Making babies in Canada could save money

We spend billions on immigration instead of reproductive technologies. Here's some fertility "rights" science for you, courtesy of Denmark: Women will have babies - if they can. A scientific study reports Denmark has a birth rate of 1.9 children per woman, close to the 2.1 level needed to replace current populations, and much higher than most Western countries (Canada's is 1.6, Italy's is 1.2) despite the fact the age Danish women are having children at is rising. (Fertility declines after women hit 30.) What makes Danish women so fecund? The study, New Scientist magazine reports, theorizes it's because Denmark has a high proportion of babies born through artificial reproductive technologies (ART), including in vitro fertilization (IVF) - 4.2 per cent of births in 2002 compared to 1.4 per cent in Britain that year and 1.2 per cent in the U.S. in 2004. "The finding lends support to calls for increased government funding of IVF in other countries with flagging birth rates," New Scientist says. "In Denmark, IVF is widely accepted, heavily subsidized and waiting times are short." Not here. In Canada, we think couples who can't afford the costs - which can be as high as $30,000 an attempt - are out of luck. What happens instead is that people, like the couple who recently had sextuplets in B.C., turn to hyper-ovulation drugs, says Kerry William Bowman, an assistant professor of bioethics with the University of Toronto. And how much more does neonatal care for premature babies cost than ART? Or the higher health costs associated with preemie babies for their rest of their lives? Cost of ART still too high? How about the alternative? In Canada, we respond to low birth rates by increasing immigration - though it costs about $1.6 billion in departmental and resettlement costs to do so - and although immigration already accounts for two-thirds of our population growth, while domestic births account for only one-third and are expected to account for zero by 2030.

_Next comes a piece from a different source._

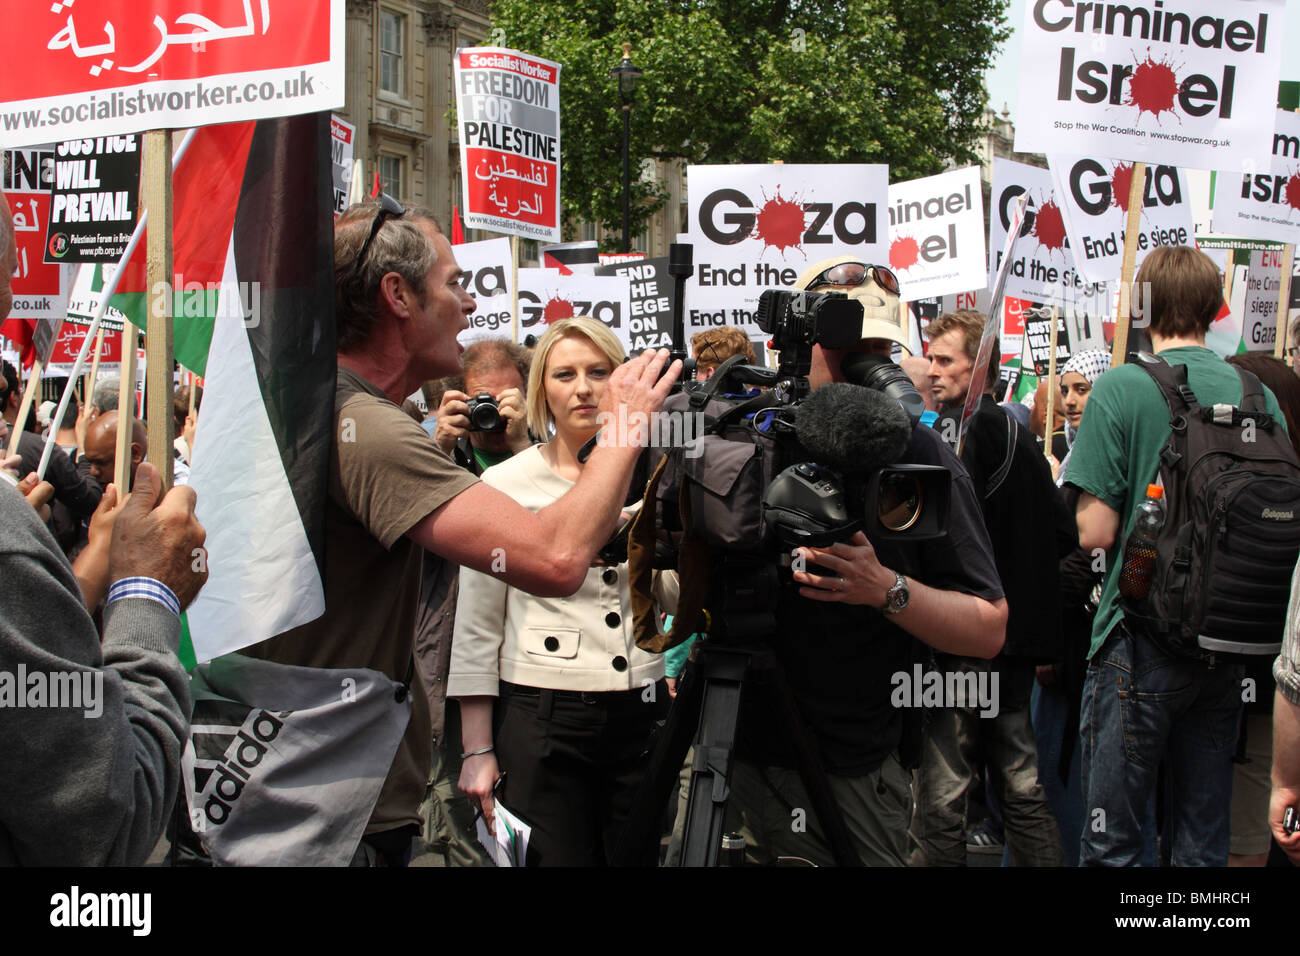 Demonstranten versucht, eine Ausstrahlung Sky News TV-Reporter bei der "Freiheit für Palästina"-Demonstration in London zu verhindern. Stockfoto

The result: Almost all our population growth is within metropolitan Toronto, Montreal and Vancouver - the cities that attract immigrants - increasing congestion, pollution, strains on social services, schools and transit and social tensions. In short, why is it easier - and more politically correct - to import babies, than to produce them? Prejudice is one problem - and it's not against immigrants, but against women in Canada, landed immigrants and citizens alike. Women are blamed for delaying childbirth even though it's couples making these decisions together, says Bowman. And women are often in a Catch-22 situation: Society frowns on out-of-wedlock births, teen pregnancies and couples having children before they can afford them. But if a woman goes through university, marries at the average age of 28 (because men are delaying marriage to 30) and then she and her husband establish themselves financially before starting a family, she might be in her 30s, when fertility is already declining. Add to that the fact many couples don't seek fertility treatment until they've spent years trying, and "we're talking mid-30s to mid-40s" - the predominant age of couples seeking fertility treatments, says Bowman.